**Exercise aim:**
The expected output is the line with "1942_EdithNourseRogers_WAACsGodmother_NYT85583747" plus all lines after it to the end of the material below, reproduced exactly, with pictures omitted and nothing else included.

**Data extract:**
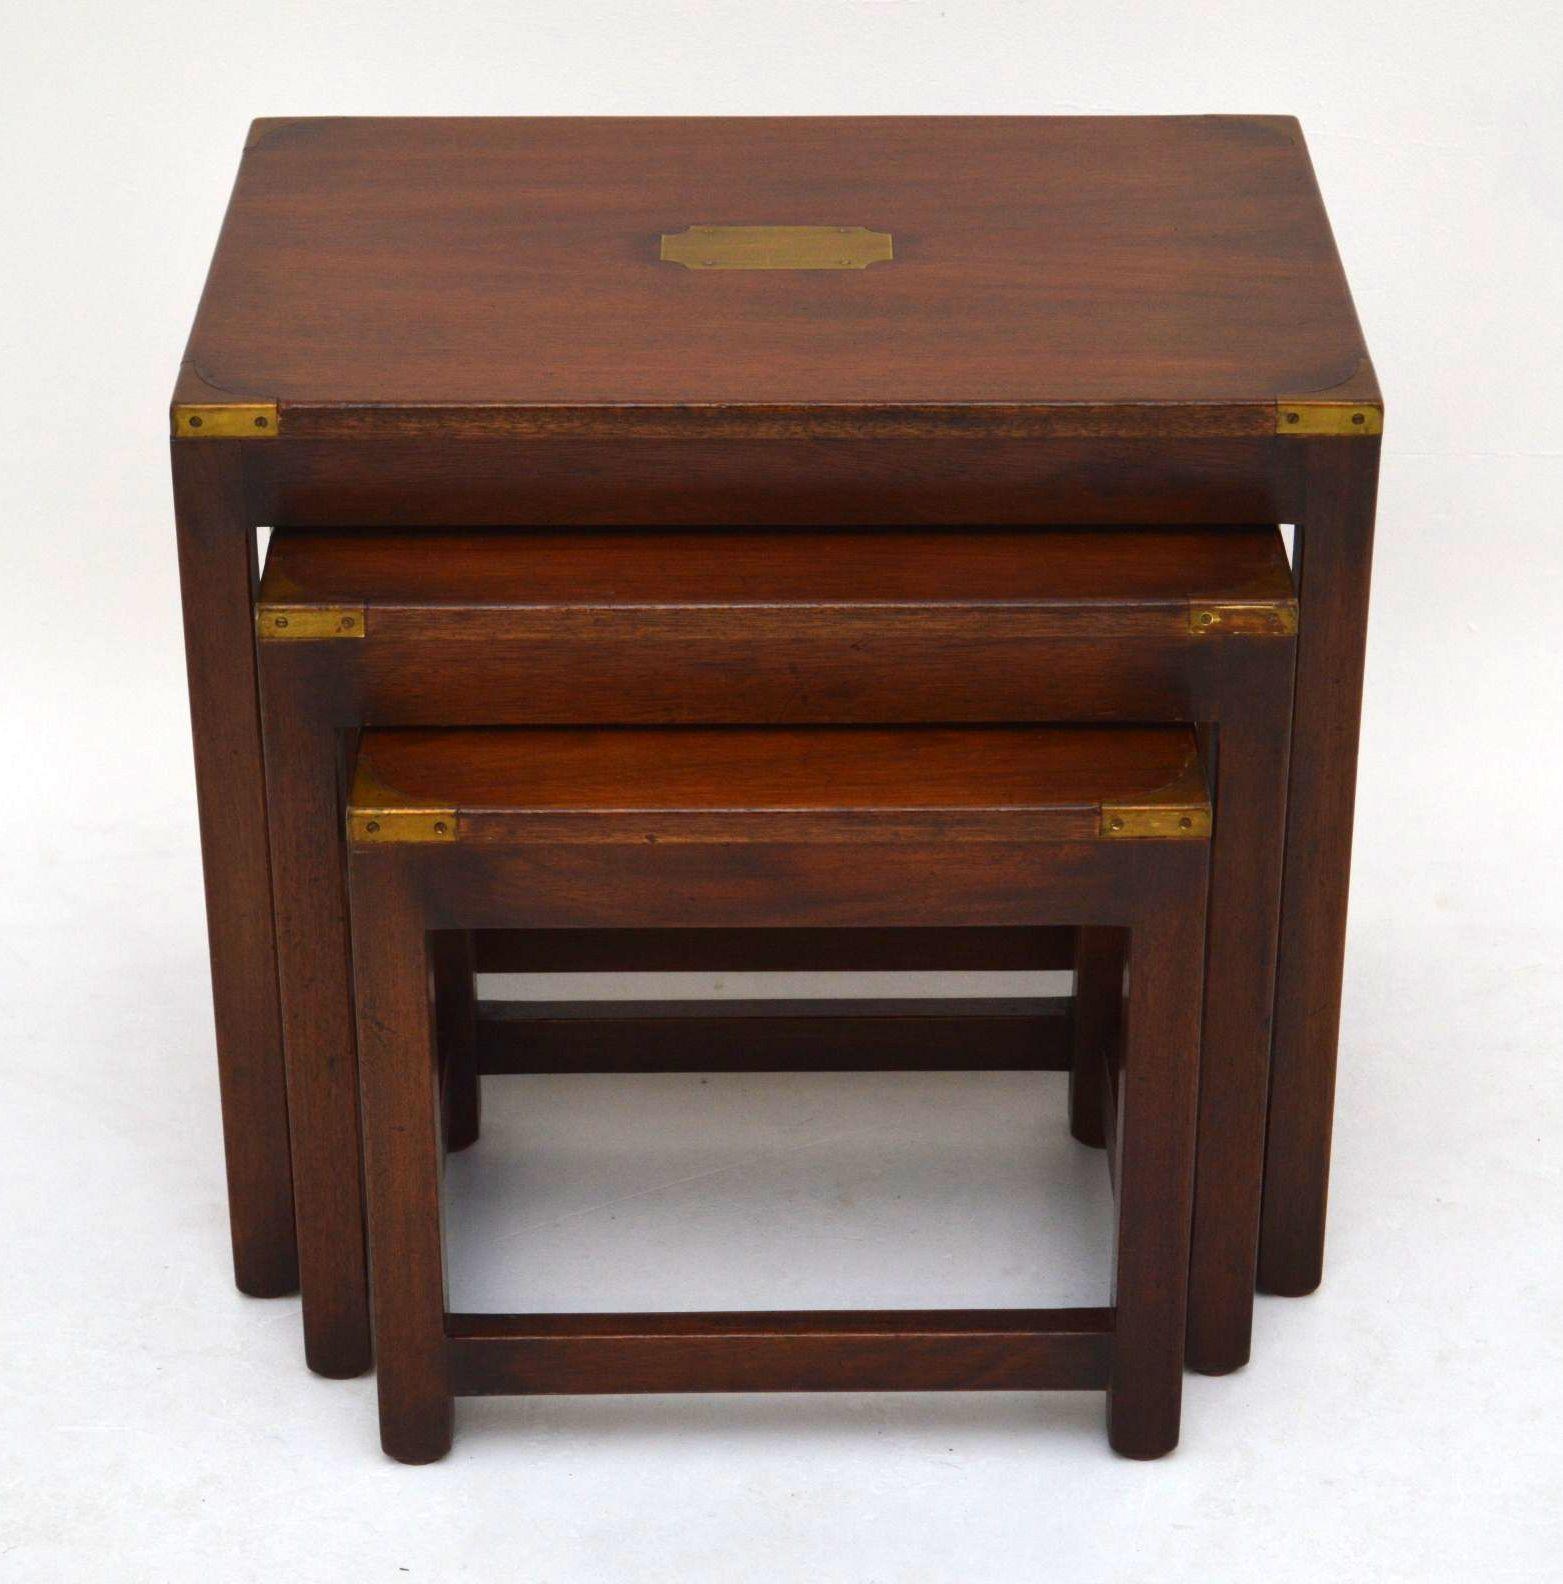 beistelltische antik campaign stil. Black Bedroom Furniture Sets. Home Design Ideas
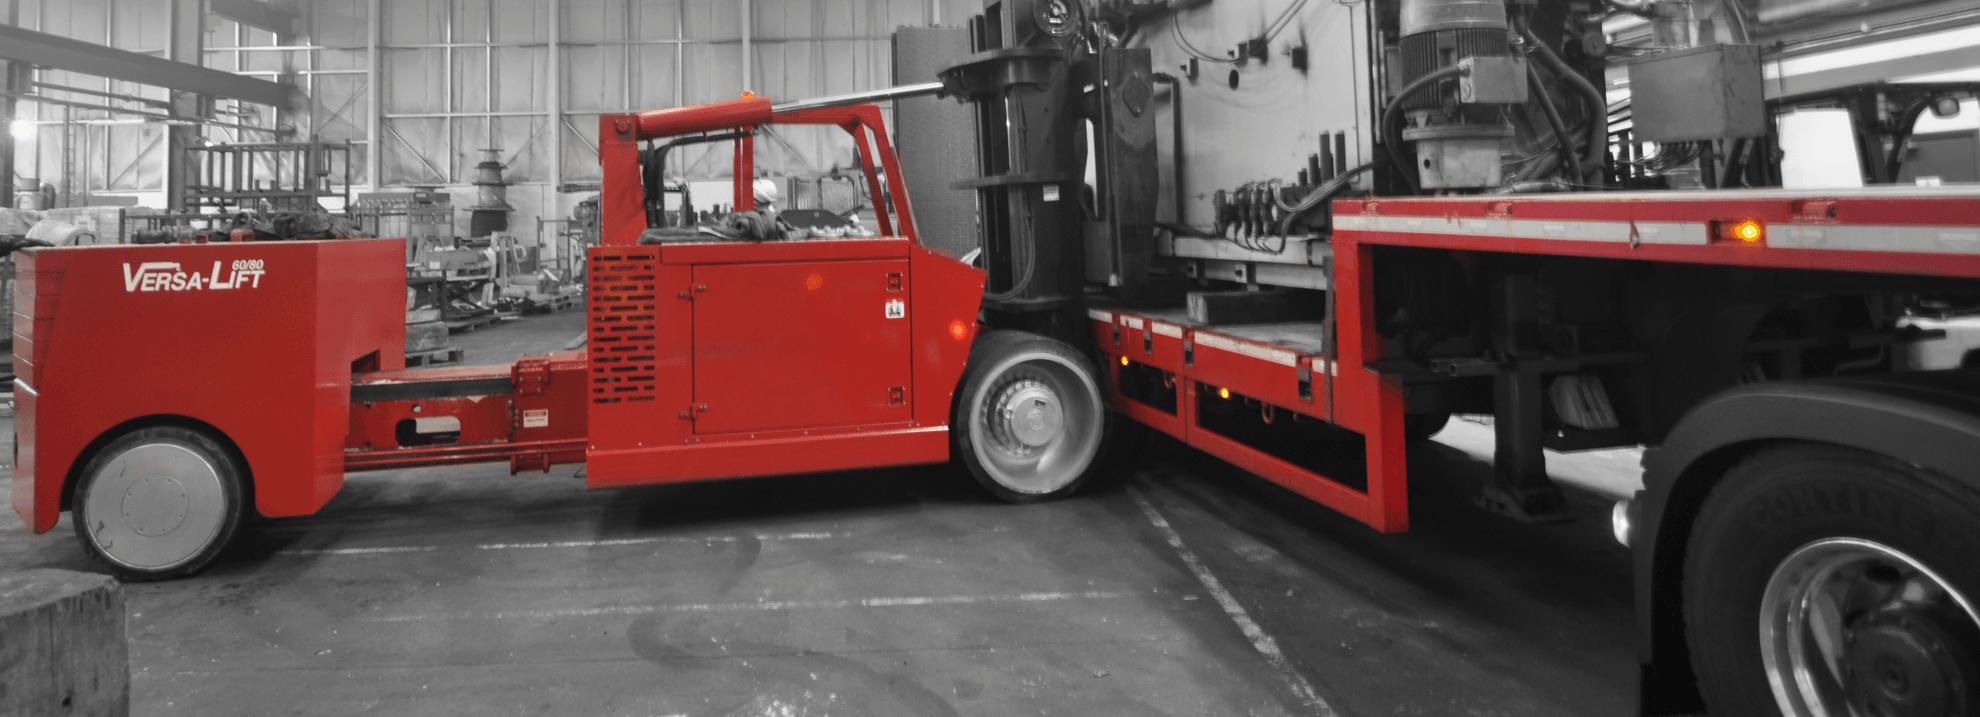 LPG or Battery Powered Versa-Lift Truck
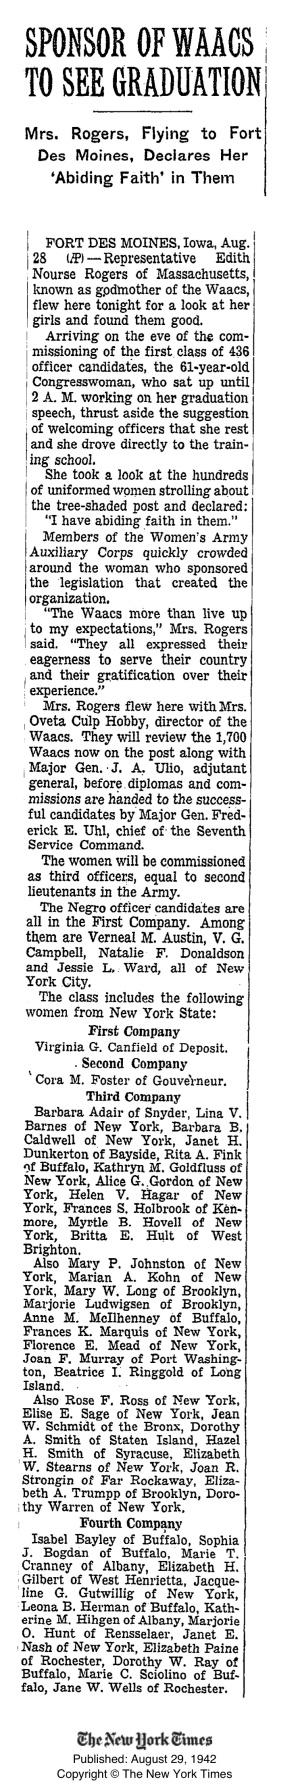 1942_EdithNourseRogers_WAACsGodmother_NYT85583747
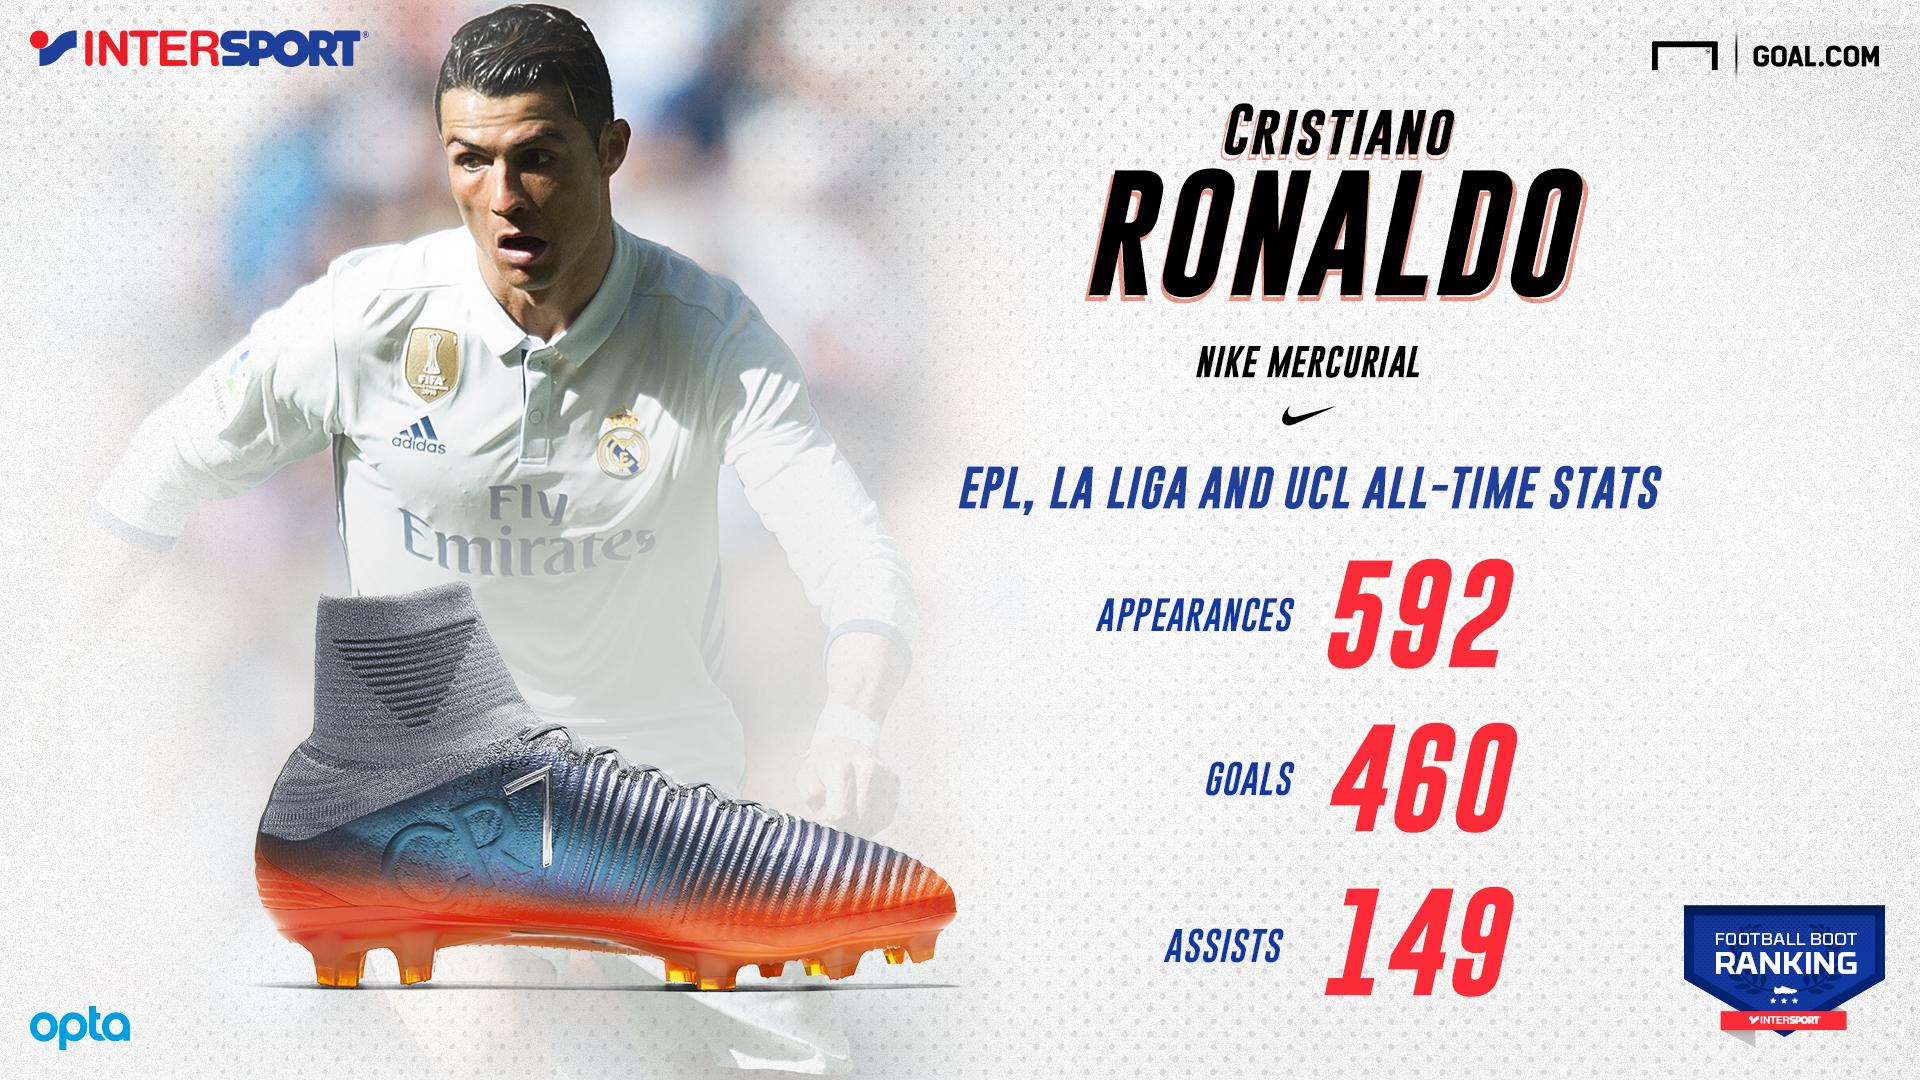 Ronaldo infographic English updated April 18

**Solution for this task:**
 1942_EdithNourseRogers_WAACsGodmother_NYT85583747
 Ronaldo infographic English updated April 18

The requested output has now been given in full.